Update: The new version of JUXTA (version 1.4, released September 2010) can collate XML files in any valid schema, including P4 and P5 from the Text Encoding Initiative. So you can now collate encoded texts against plain texts, such as Google OCR scans. For a more elaborately encoded text, you can easily select options that will produce a clean text if you have a basic understanding of TEI. But the post’s point still holds. In most case you don’t NEED to understand TEI schema. JUXTA’s default import options work quite well for majority of XML texts.
I am in the first flush of enthusiasm for JUXTA, the textual collation tool from NINES. It is a beautiful thing that could achieve an absurdly unrealistic goal, to democratize the practice of textual scholarship and make it accessible to most literary scholars. I think the Whitman air is getting to me. Blakeans would never imagine “democratizing” literary scholarship. In any case, JUXTA is a tool of this moment in time, the moment of free online archives of texts. Its transformative power is its ability to compare unencoded texts.

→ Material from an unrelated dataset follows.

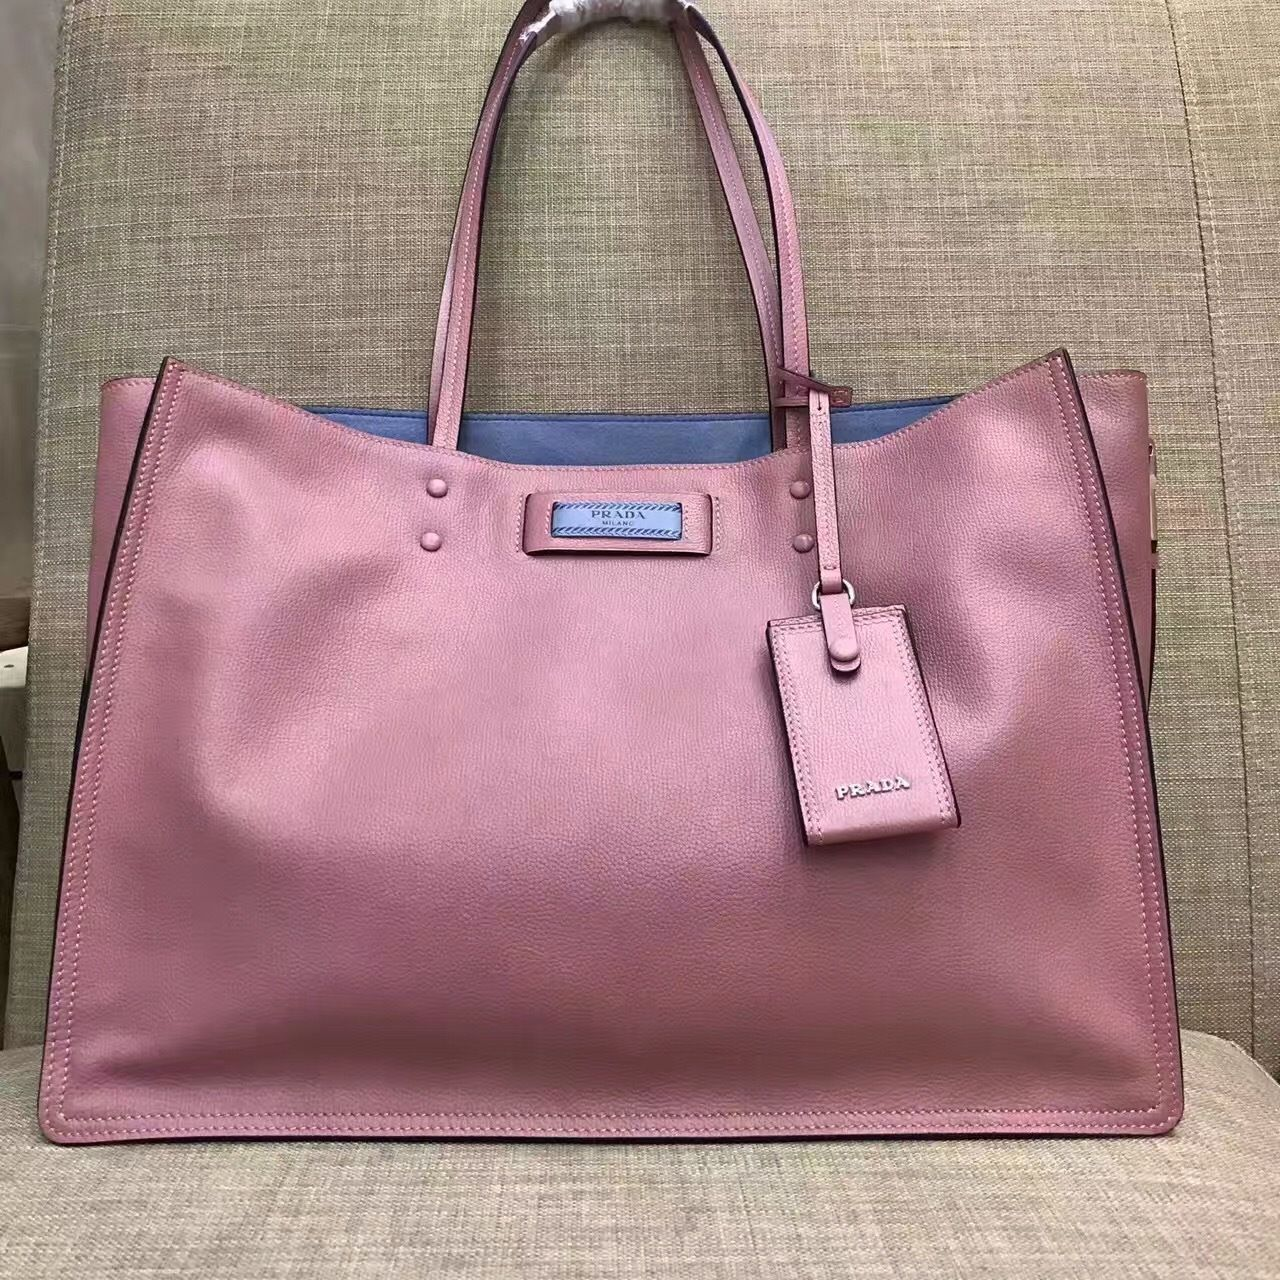 c013edc5e92d Prada tote bag lotus / astral blue in 2018 | [GROUP BOARD] Handbag ...

Even though I used the term unencoded in the loose sense (all texts are encoded, see McGann), the fact that JUXTA can collate texts that lack formal markup (that is, REQUIRES texts without markup) was a big stumbling block for me. On trying the latest version, I discovered a stable application with sufficient documentation to collate text in the wild, such as raw OCR. In three days I’ve collated three texts: Sarah Orne Jewett’s The Country of Pointed Firs, Augusta Jane Evans’s St. Elmo, and Harriet Beecher Stowe’s Uncle Tom’s Cabin. Maybe I should say two “texts in the wild.” I’ve spent to much time domesticating wild texts of Uncle Tom’s Cabin to bother with the wild ones anymore.

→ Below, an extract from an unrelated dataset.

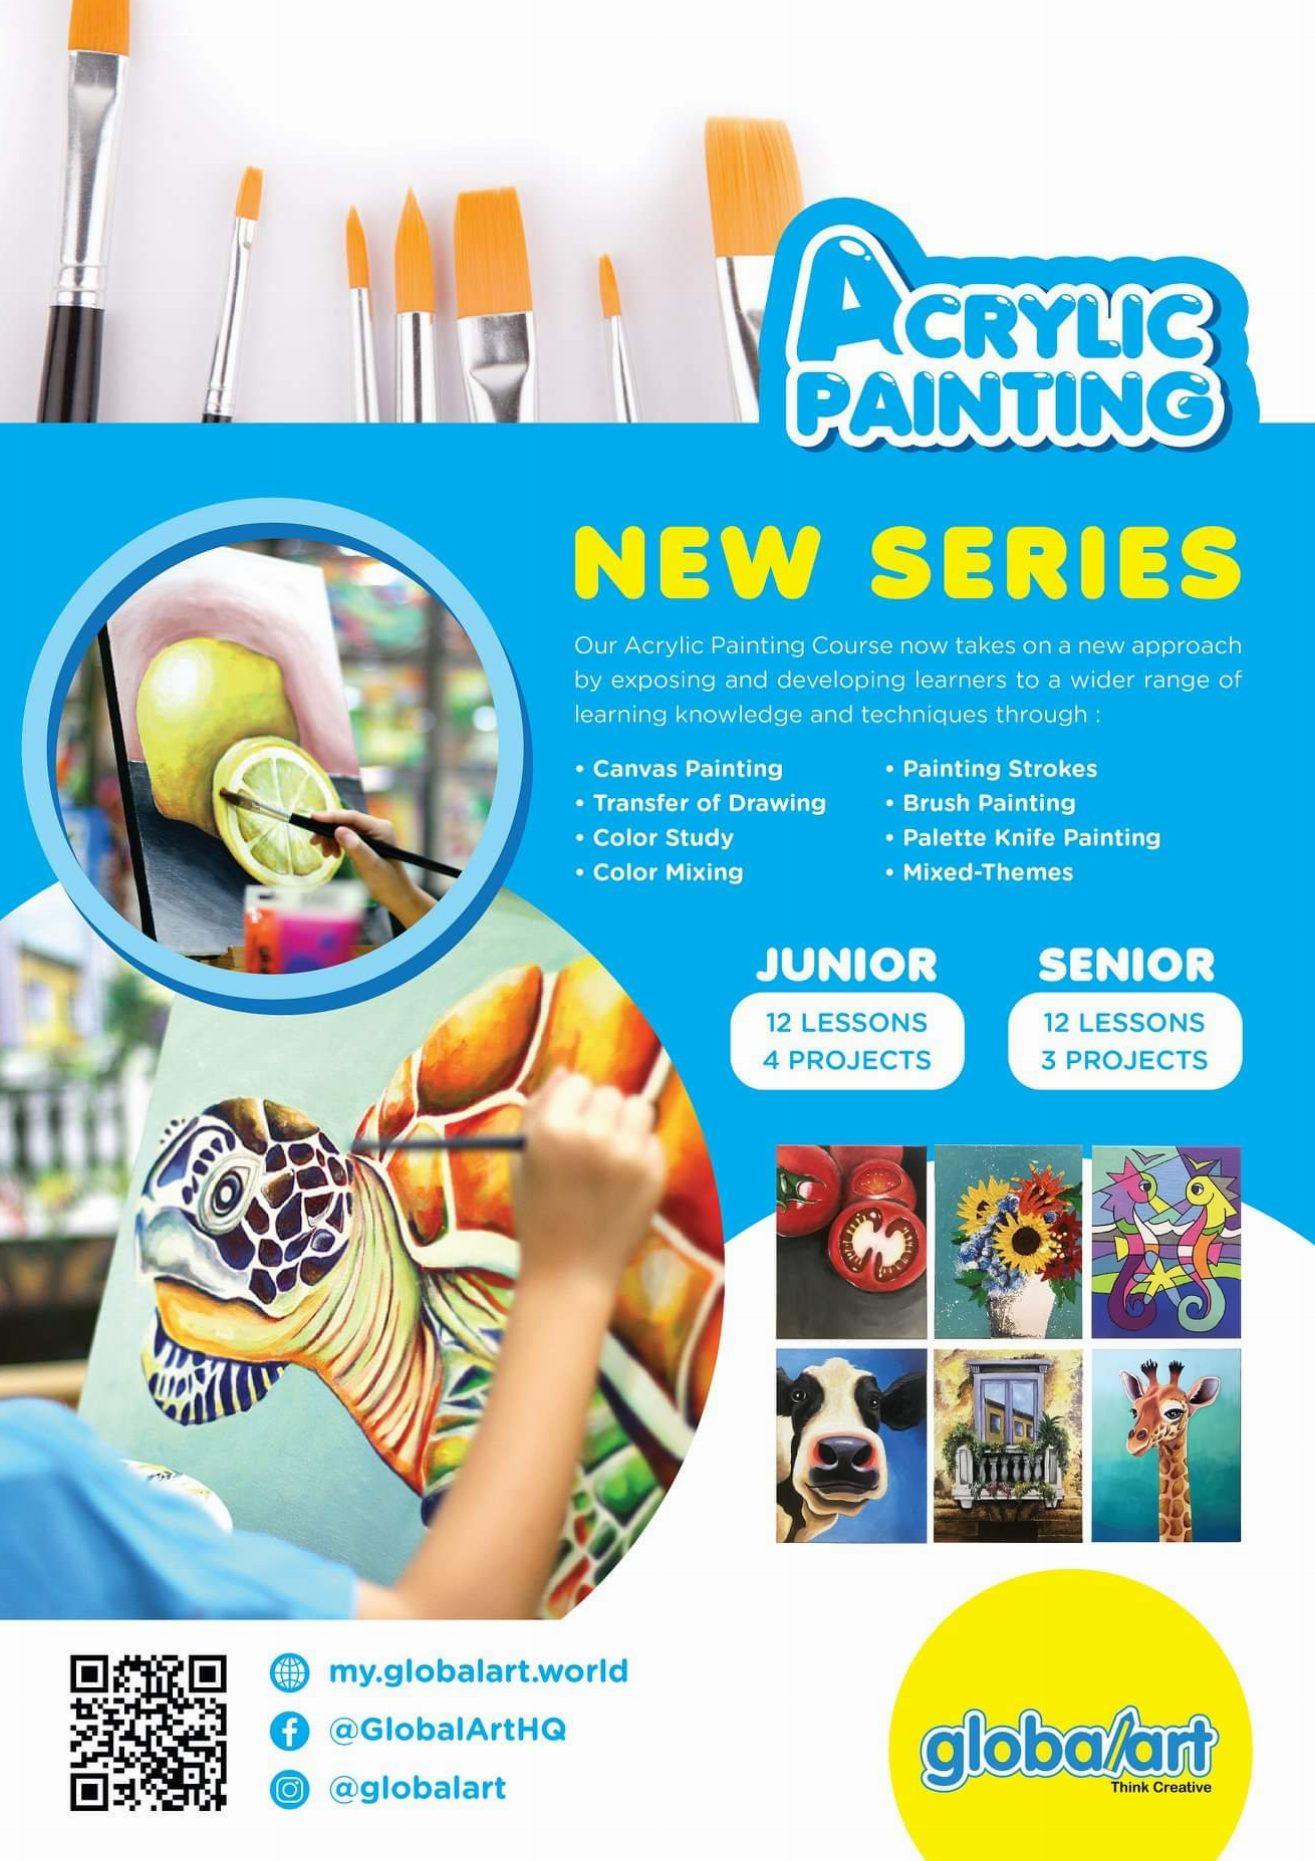 2019 New Series of Acrylic Painting (Junior & Senior)

With JUXTA, a basic familiarity with online archives, and minimal familiarity with text encoding, you can compare two printed versions of a text with relative ease. To gain a basic familiarity with online archives of texts is not a trivial exercise, but dabblers can get started at my summary of digital American Literature collections. Scholars should search a library catalog instead of my indiosyncratic collection.
Unencoded really means unencoded. All XML tags except the opening header tags, closing tags, and JUXTA’s milestone tags are prohibited. If you download an XML-encoded text, you’ll need to know how to remove its encoding. There are many ways to do this, but an XML parser with an Identity XSLT script is probably the easiest. If I’ve started talking gibberish to you, don’t do it this way. You’ll get frustrated before you ever recognize the beauty of JUXTA. In any case, remove all tags, tag-like character detritus (i.e., angle brackets), and entities (i.e., those things that begin with ampersand signs).

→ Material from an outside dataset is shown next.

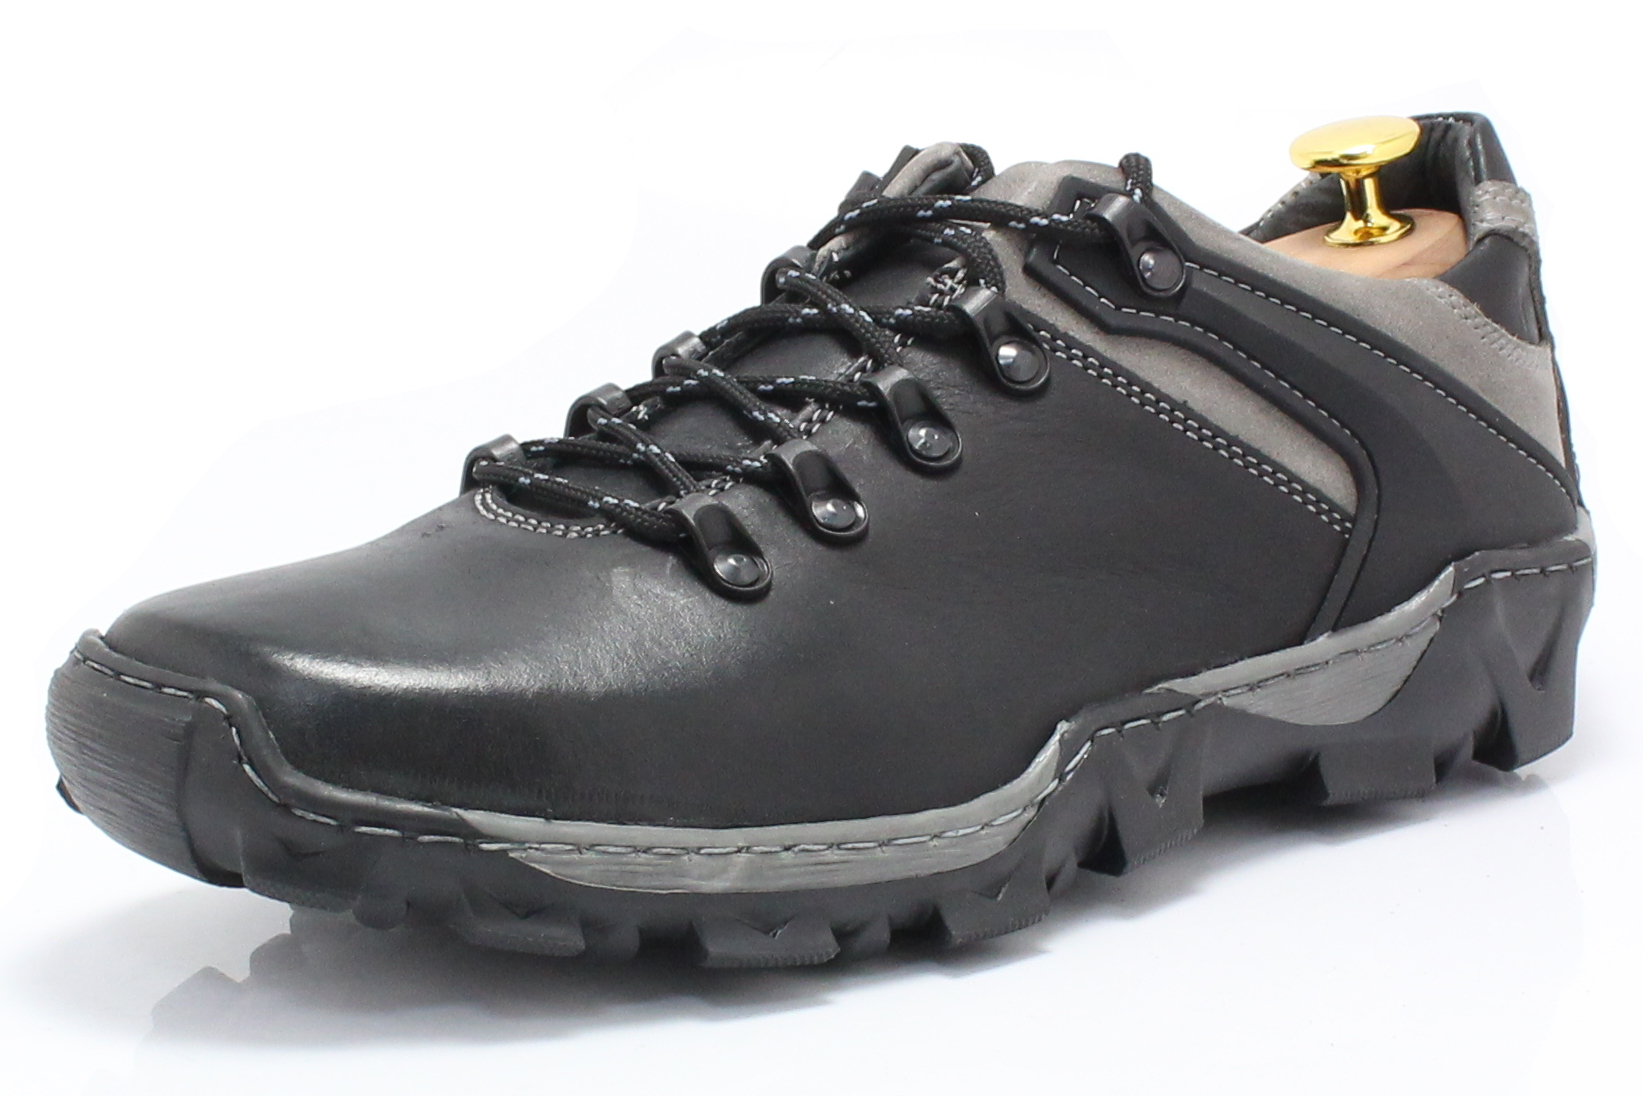 482fca77a7d50 KENT 116 CZARNO-SZARE - Trekkingowe buty męskie 100% skórzane ...

I hope to return to this soon, but I’ve too much collating to do. After I drafted this, I left it sitting in my draft box. And now I wonder what I was thinking. Most literary scholars will not compare texts because it would not occur to them that the differences could be meaningful. But maybe they can spare a few hours to compare two versions of a novel.
I of course mean “Dummies” in the best sense, that used by Wiley publishing for its famous series of how-to books on technical matters, for people who want to learn but not allow their book titles to show their interest in self-improvement. The Dummies label is oddly portable, but I lack sufficient imagination to understand how Post-Traumatic Stress Disorder for Dummies could possibly fit into the series.
By the way, the textual comparison work in the previous post (one below), on Sarah Orne Jewett’s Pointed Firs, is based on JUXTA work.
NOTE: JUXTA is the right tool for collating scanned and OCR’d text if your interest is the major differences between two different printings of the same text. For comparing two copies from the same setting of type, Juxta is the wrong tool. You need a tool for sight-based collating, such as the Hinman Collator, Lindstrand Comparator, Haley’s Comet, or McLeod’s portable collator. But you don’t need a device of any type. I’ve written a post on device-free collating.